> [Exercise details]
From the first line to the last, retype everything below exactly, minus the pictures.

> [Material provided]
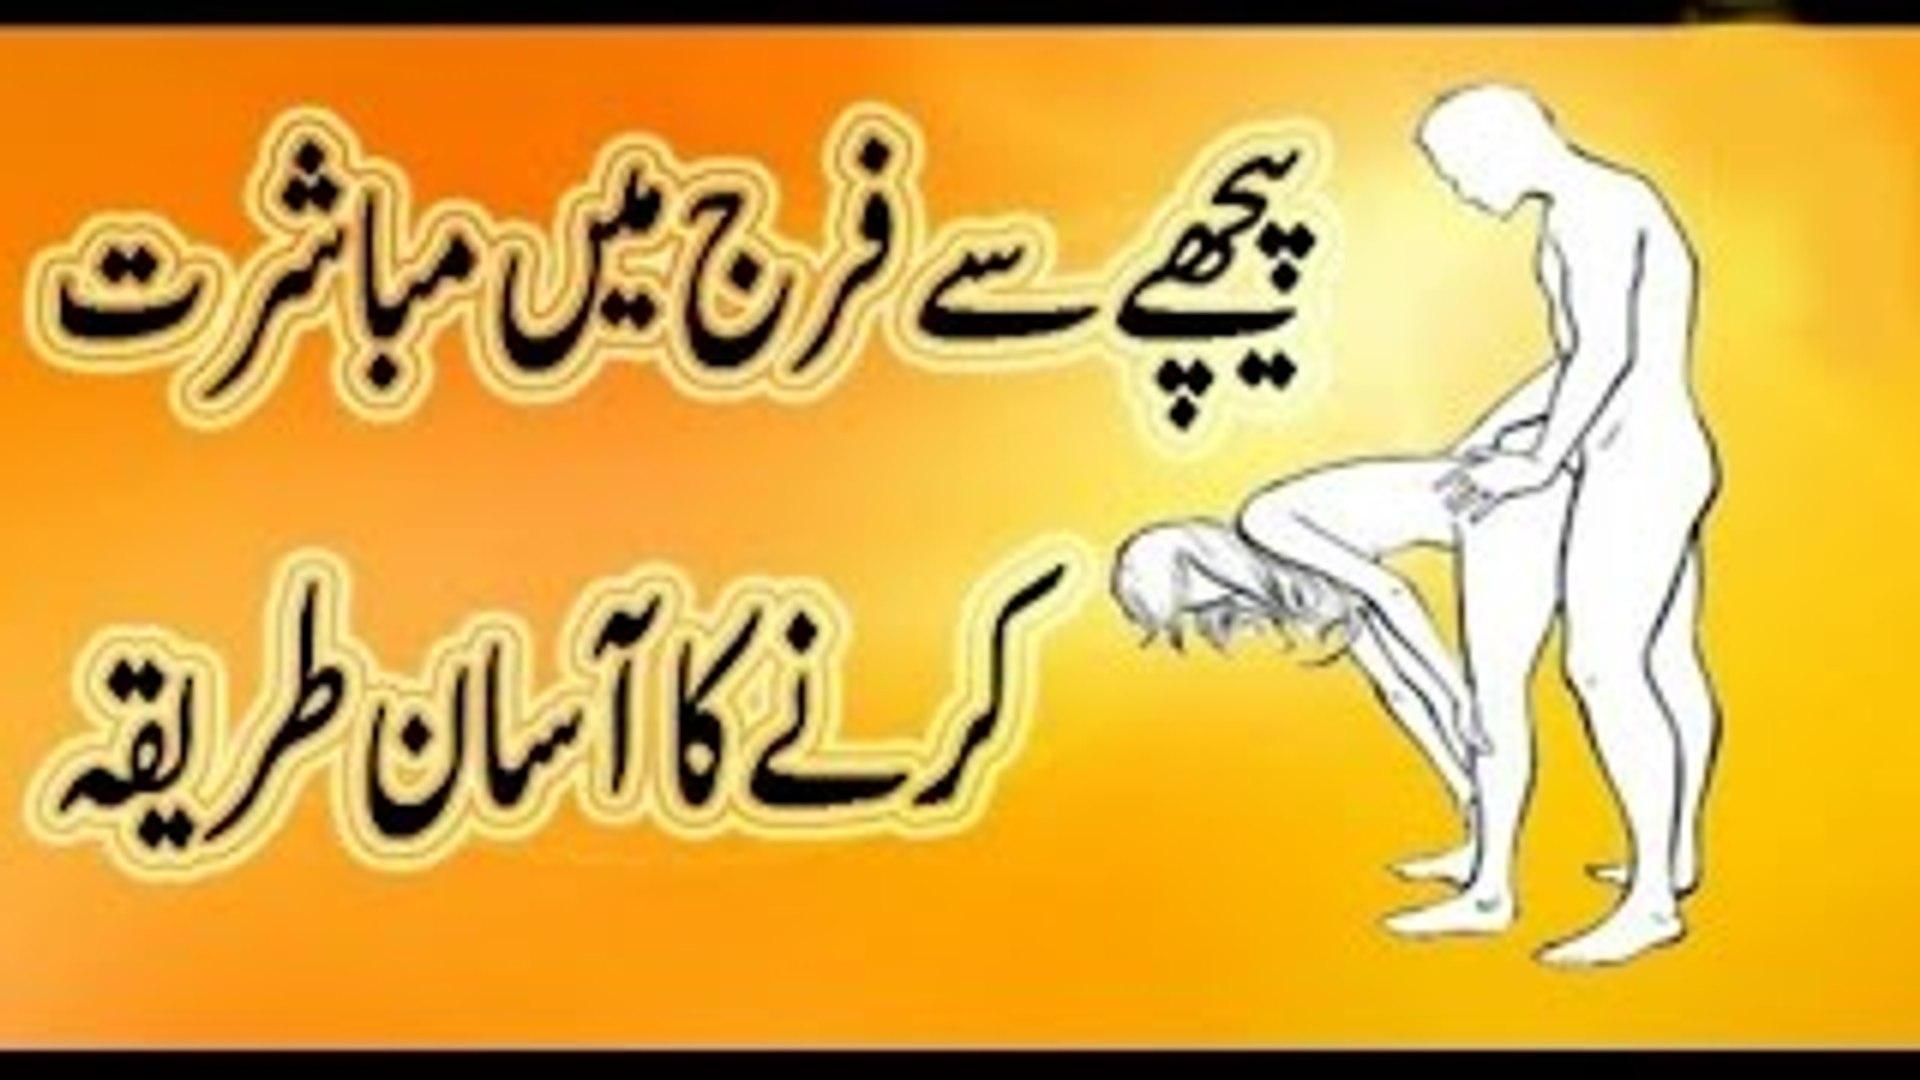 Biwi Aur Shohar Cafused Mubashrat Ka Sahi Tariqa video In Urdu 2016
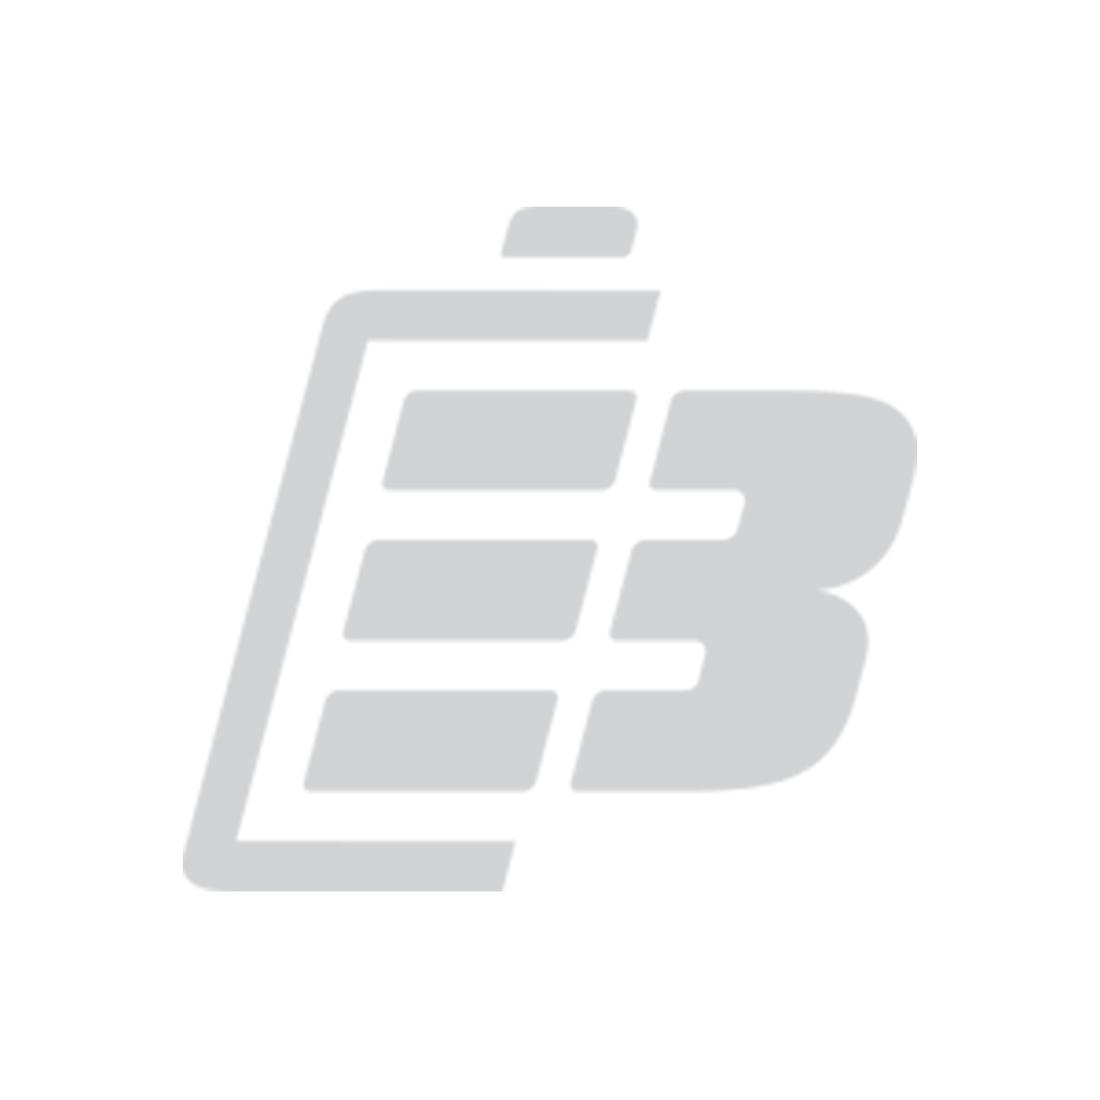 Camera battery Nikon EN-EL19_1
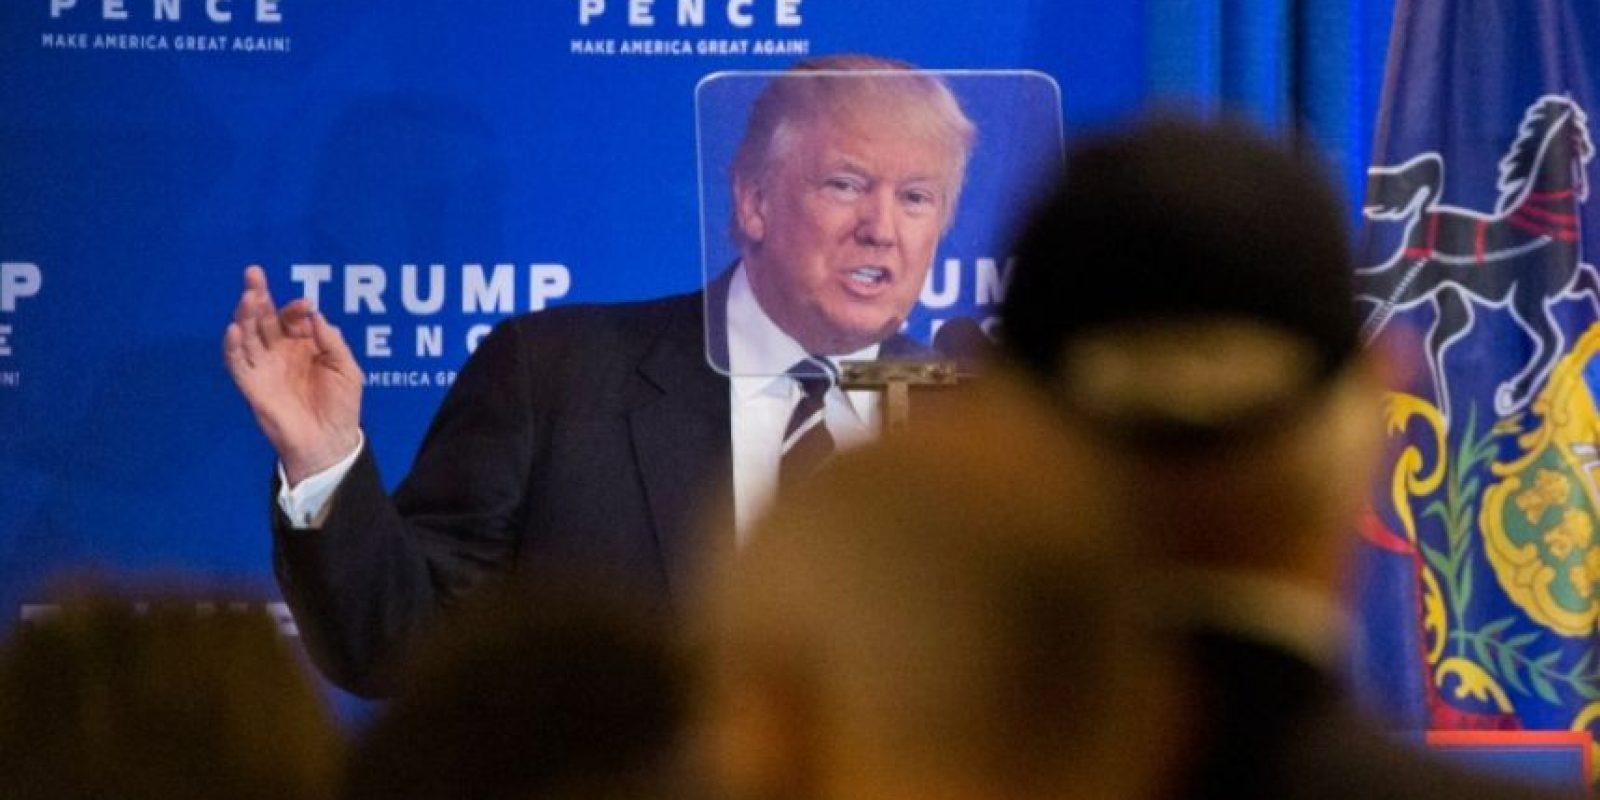 El candidato republicano a la presidencia de EEUU, Donald Trump, hace campaña en King of Prussia, Pensilvania, el 1 de noviembre de 2016 Foto:Dominick Reuter/afp.com
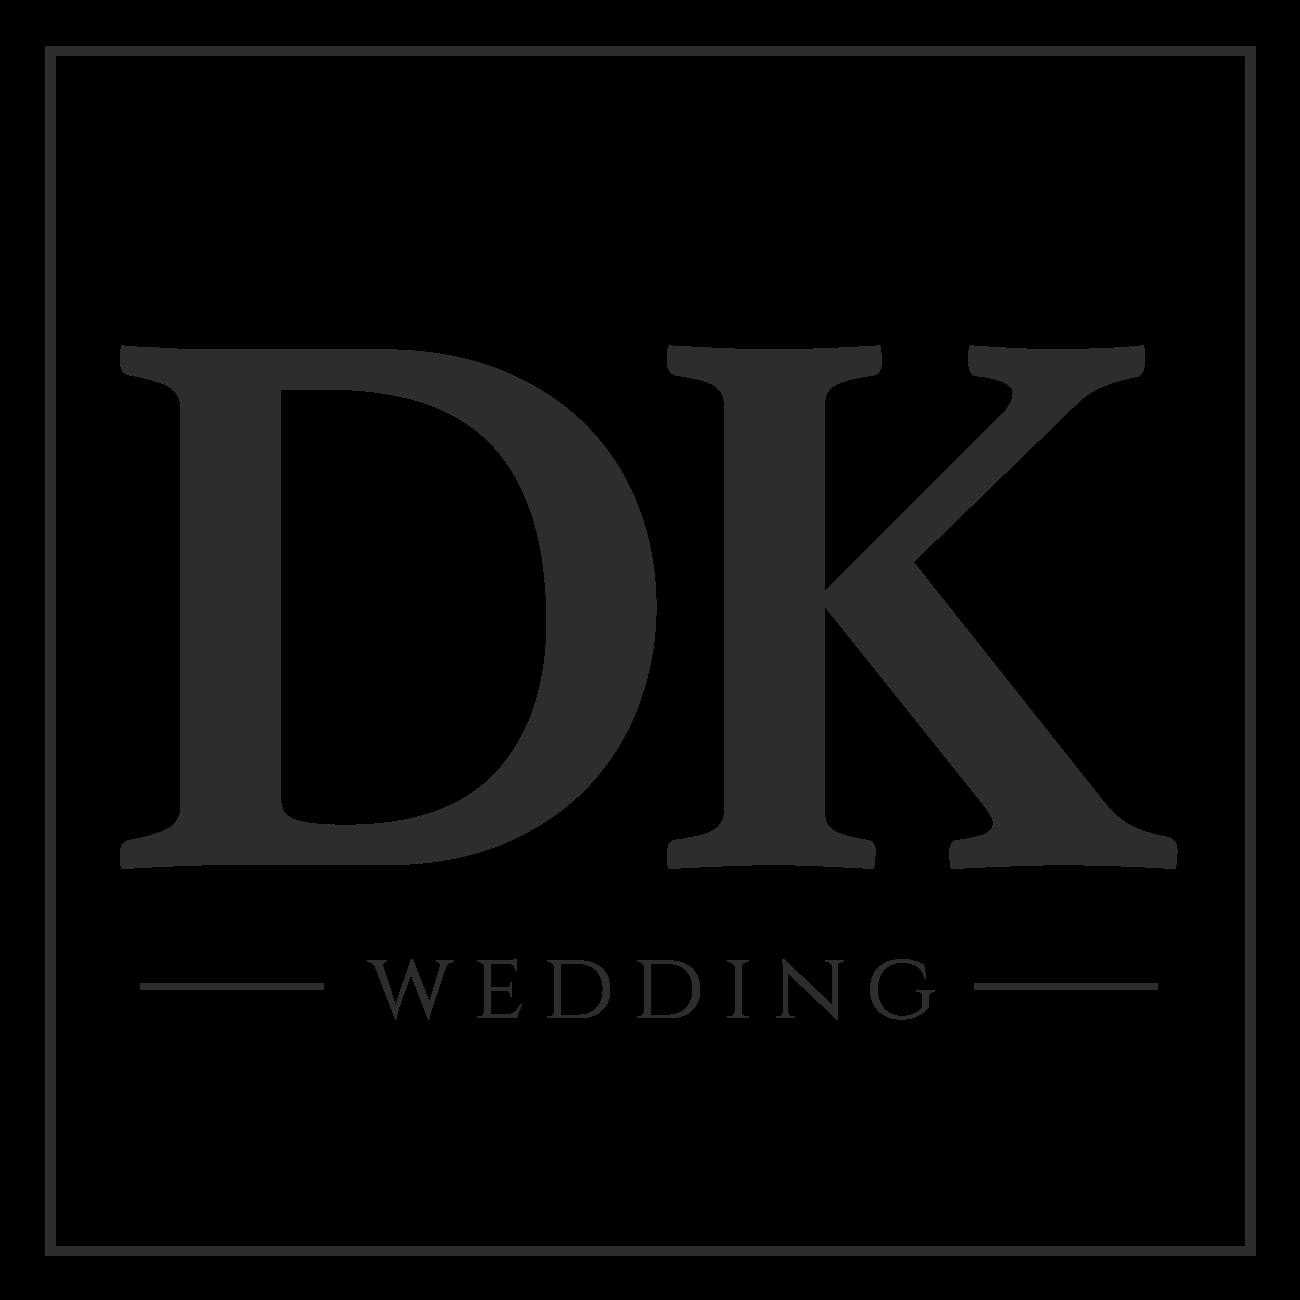 DK Wedding

> [Result of this task]
 Biwi Aur Shohar Cafused Mubashrat Ka Sahi Tariqa video In Urdu 2016
 Camera battery Nikon EN-EL19_1
 El candidato republicano a la presidencia de EEUU, Donald Trump, hace campaña en King of Prussia, Pensilvania, el 1 de noviembre de 2016 Foto:Dominick Reuter/afp.com
 DK Wedding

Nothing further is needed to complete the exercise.